"Hanya Deputi Administrasi Royal Navy dan saya yang tahu sejauh ini, Yang Mulia." Riley mengisyaratkan bahwa dirinya mengerti maksud pembicaraan tertutup sore ini. Begitu masuk ke ruangan Bastian, dia segera memberi hormat dan mulai dengan kalimat tadi. "Tapi saya rasa, Kolonel Meyer dari keamanan dan pihak intelijen tentu sudah tahu."
"Jadi, Jenderal Bell belum tahu," angguk Bastian, ingin memastikan bahwa Kepala Royal Navy belum mendapat berita.

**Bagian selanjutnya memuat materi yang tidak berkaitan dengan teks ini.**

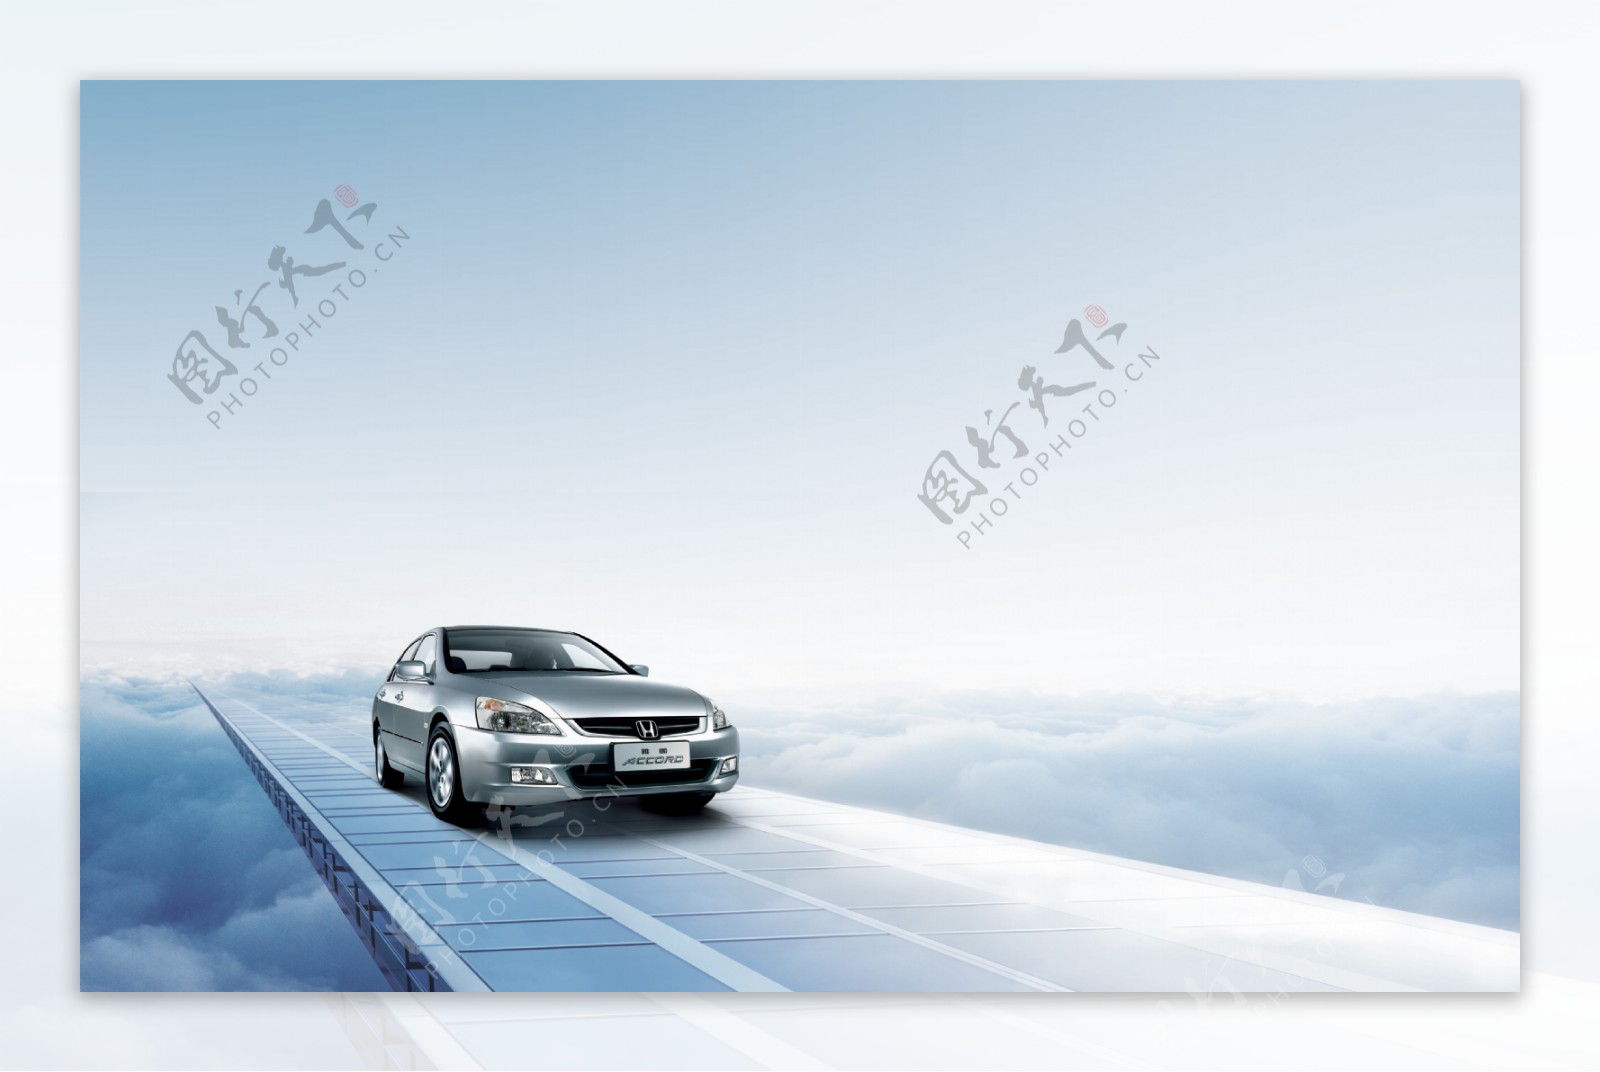 本田轿车广告图图片

"Dipastikan belum, Yang Mulia. Deputi Clarke langsung menghubungi saya dan meminta semua ini dirahasiakan. Deputi akan segera berkoordinasi dengan pihak istana perihal ..." Riley tidak melanjutkan kalimatnya. Dia memilih untuk bersikap hati-hati.

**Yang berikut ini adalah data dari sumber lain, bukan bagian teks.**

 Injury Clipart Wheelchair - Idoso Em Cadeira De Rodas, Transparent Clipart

Bastian beranjak dari kursi kerja lalu melangkah menuju jendela. Dia tersenyum sekilas saat melihat Ivana di luar sana, sedang berbincang dengan Deputi Clarke sambil menikmati sore musim semi. "Ratumu punya rencana, Admiral," katanya. "Tapi dia belum memberitahuku." Dia menoleh pada Riley. "Dan aku memilih untuk tidak menebak."
Tatapan Riley mendadak lembut begitu topik tentang Ivana disinggung. Sesaat kemudian, dia menyadari hal tersebut. Seraya mengatupkan rahang, tatapannya kembali berubah tegas. "Beliau ... Yang Mulia Ratu Ivana dari Ottoka, memilih untuk mengumumkan via televisi bahwa Raja baik-baik saja pasca penembakan. Beliau mengumumkan bahwa tembakan mengenai salah seorang pengawal, bukan Raja. Beliau memiliki seluruh cinta dari rakyat Ottoka. Apa pun yang keluar dari mulut Yang Mulia Ratu, pasti akan dipercaya dan disambut seluruh rakyat."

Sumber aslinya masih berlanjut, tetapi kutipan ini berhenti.